İnsan ruh ve bedenden müteşekkildir. “Hani Rabbin meleklere demişti ki: ‘Ben şekillenebilir özlü balçıktan, (şekil verilip) kurutulmuş çamurdan bir insan yaratacağım.’ Onun şeklini tamamladığım ve ona rûhumdan üflediğim vakit siz de hemen onun için secdeye kapanın.”1
İnsan, bedeni topraktan yaratıldığı için gıdâsını da topraktan alır. Bedenin işlevselliğini devâm ettirebilmesi için alması gereken vitamin, protein vb. şeylerin tamâmı, topraktan aldığı besinlerde mevcuttur. Ancak insanın rûhu bu dünyâya āit değildir. Emir âlemindendir. “Ve sana ruh hakkında soru soruyorlar. De ki: ‘Ruh, Rabbimin bileceği bir şeydir. Size pek az ilim verilmiştir.’”2 Dolayısıyla onun gıdâsı da āit olduğu yerdendir. Ruh da oradan beslenir. Beden yiyecek ve içeceklerle gıdâlanır, hayâta bağlanır, zevk alır, tatmîn olur, mutlu olur. Ruh da āit olduğu âlemden beslenir, gıdâ alır, zevk alır, mutlu olur, hayâta bağlanır. Dolayısıyla insanın iki boyutunun da hayatta kalması için gıdâya ihtiyâcı vardır. İkisi de gıdânın azlığı veya yokluğu sebebiyle zayıflar, mutsuz olur ve hayatla bağları kopar.

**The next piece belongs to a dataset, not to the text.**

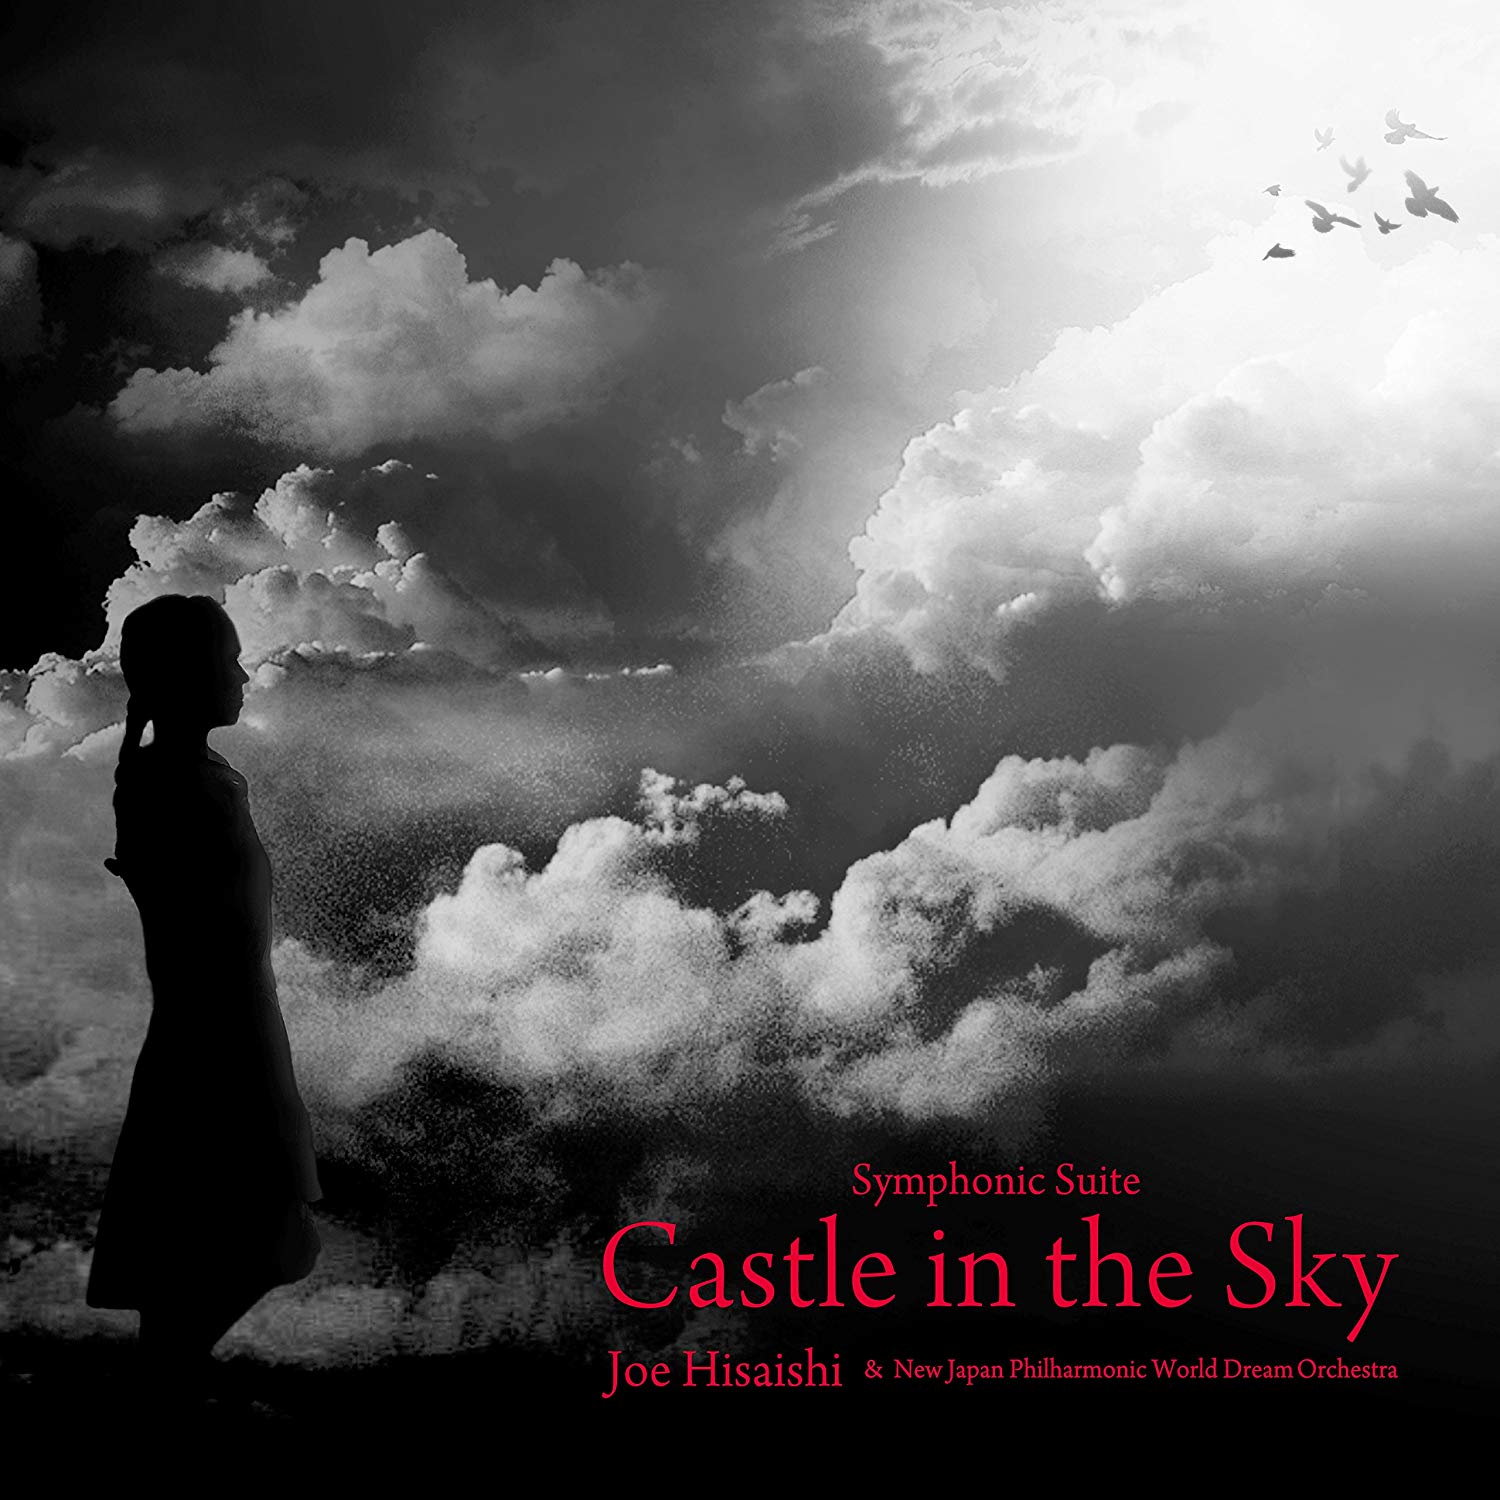 Dream orchestra. New Japan Philharmonic World Dream Orchestra Joe Hisaishi. The Castle in the Sky Joe Hisaishi. World Dream Orchestra. 久石譲 Symphonic Suite “Castle in the Sky”.
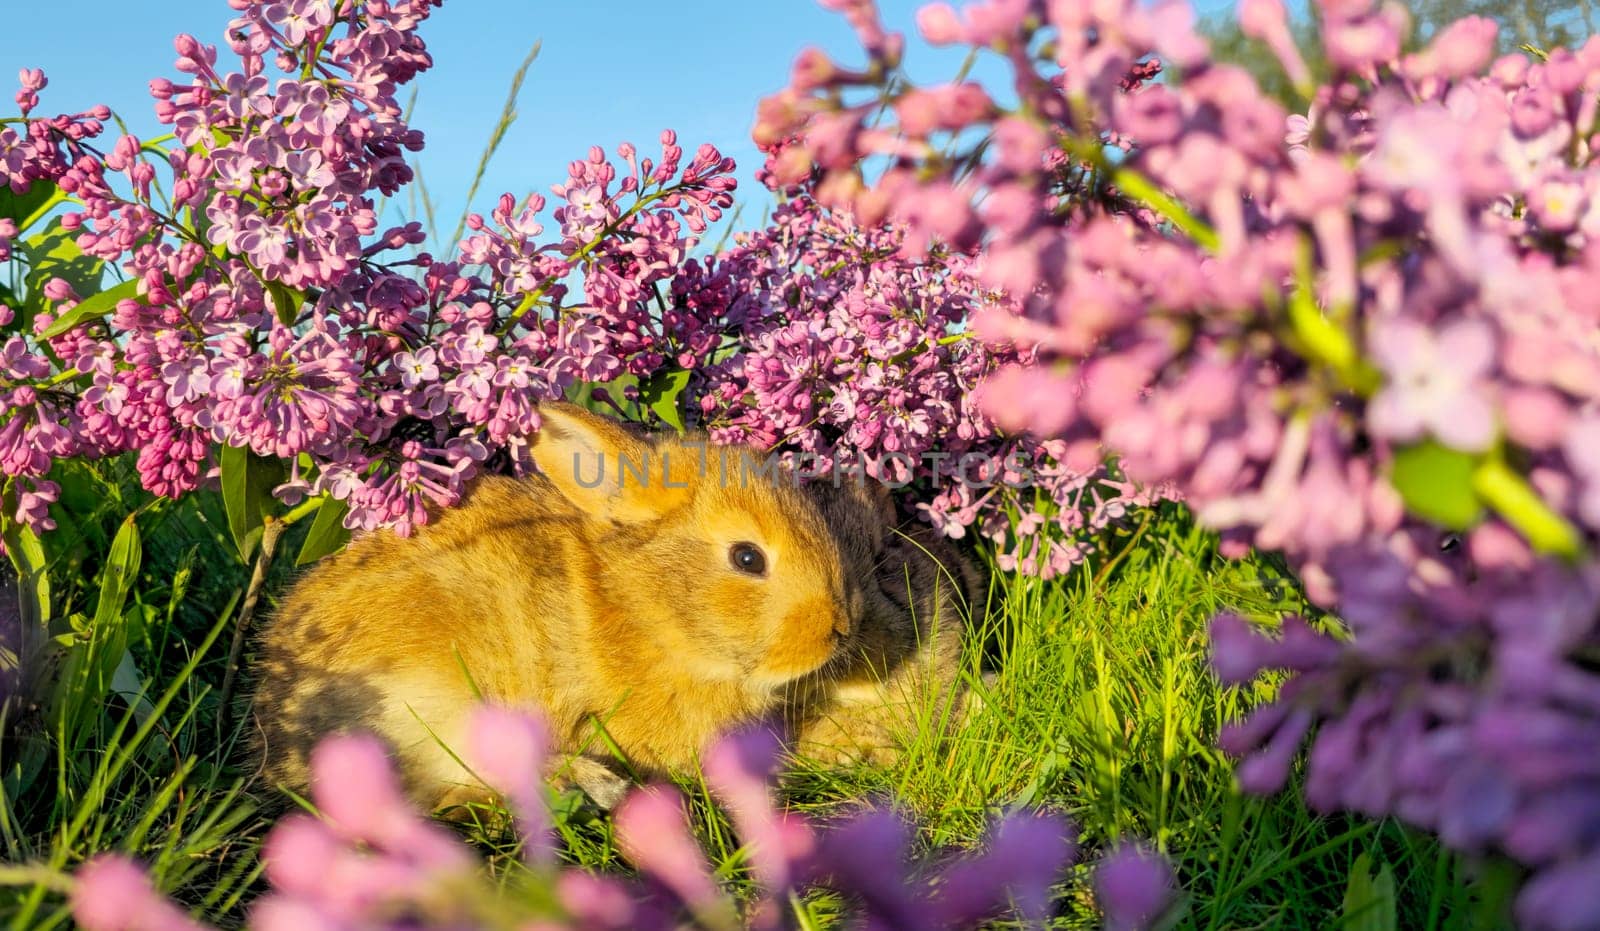 rabbit among lilac flowers in the sunset raysspring and summer

Allah, insan bedeninin bütün ihtiyaçlarını āit olduğu dünyâ âleminden vermiştir. Rûhun gıdâsını da āit olduğu âlemden insana indirmiştir. Yāni hem maddî hem mânevî bütün ihtiyaçlarını karşılamıştır. Ruh bu vesîleyle nefes almakta, hayâta daha güçlü ve huzurlu bir şekilde tutunmaktadır. O hâlde insan rûhunun gıdâsı nelerdir? Allah (cc), insanın rûhunu nasıl doyurmaktadır? Bunun üzerinde durmaya çalışalım.
Din, rûhun Allah’la irtibat kurması içindir. Allah (cc), ilk insan Hz. Âdem’e (as) peygamberlik vermesiyle bu konuda aslında en büyük mesajı vermiştir: Bedenin dünyâlı ama rûhun Bana āittir; Benimle irtibat kurmalıdır. Bu anlamda Allâh’ın (cc) vahiyle insanla irtibat kurması ve din indirmesi aynı zamanda rûhun en büyük ihtiyâcıdır. Ruh bu irtibatla gıdâlanır, güç kazanır, mutlu olur, huzur bulur, umut besler, korkar, mücâdele eder, değer kazanır, önünü görür, nereden geldiğini ve nereye gittiğini bilir, kim olduğunu anlar. Özetle “niçin” ve “neden” sorularının cevâbını bu irtibatla bulur.
Îman Hayâtın Anlamıdır
Bu anlamda îmân etmek; en güçlü kulpa, en sağlam bağa tutunmak, hayâtı başıboşluktan kurtarmaktır. Hayâtın anlam kazanmasıdır. İnsan böylece niçin yaşadığını bilir; hayâtın amacı olur. Hayâtının nerede başladığını ve nerede biteceğini bilir. Çünkü îmân eden bir kimsenin hayâtında boşluk ve cevapsız kalan sorular yoktur. Ervahtan cennete kadar hayâtın bütün aşamalarını îmânın nûruyla bilir. Hiçbir aşamada kör nokta yoktur. Dolayısıyla îman, insan rûhundaki ve hayâtındaki en büyük mânevî boşluğu doldurmakla berâber, Allah ile kul arasında bağlantı oluşturarak sağlam bir zemîne oturtmaktadır.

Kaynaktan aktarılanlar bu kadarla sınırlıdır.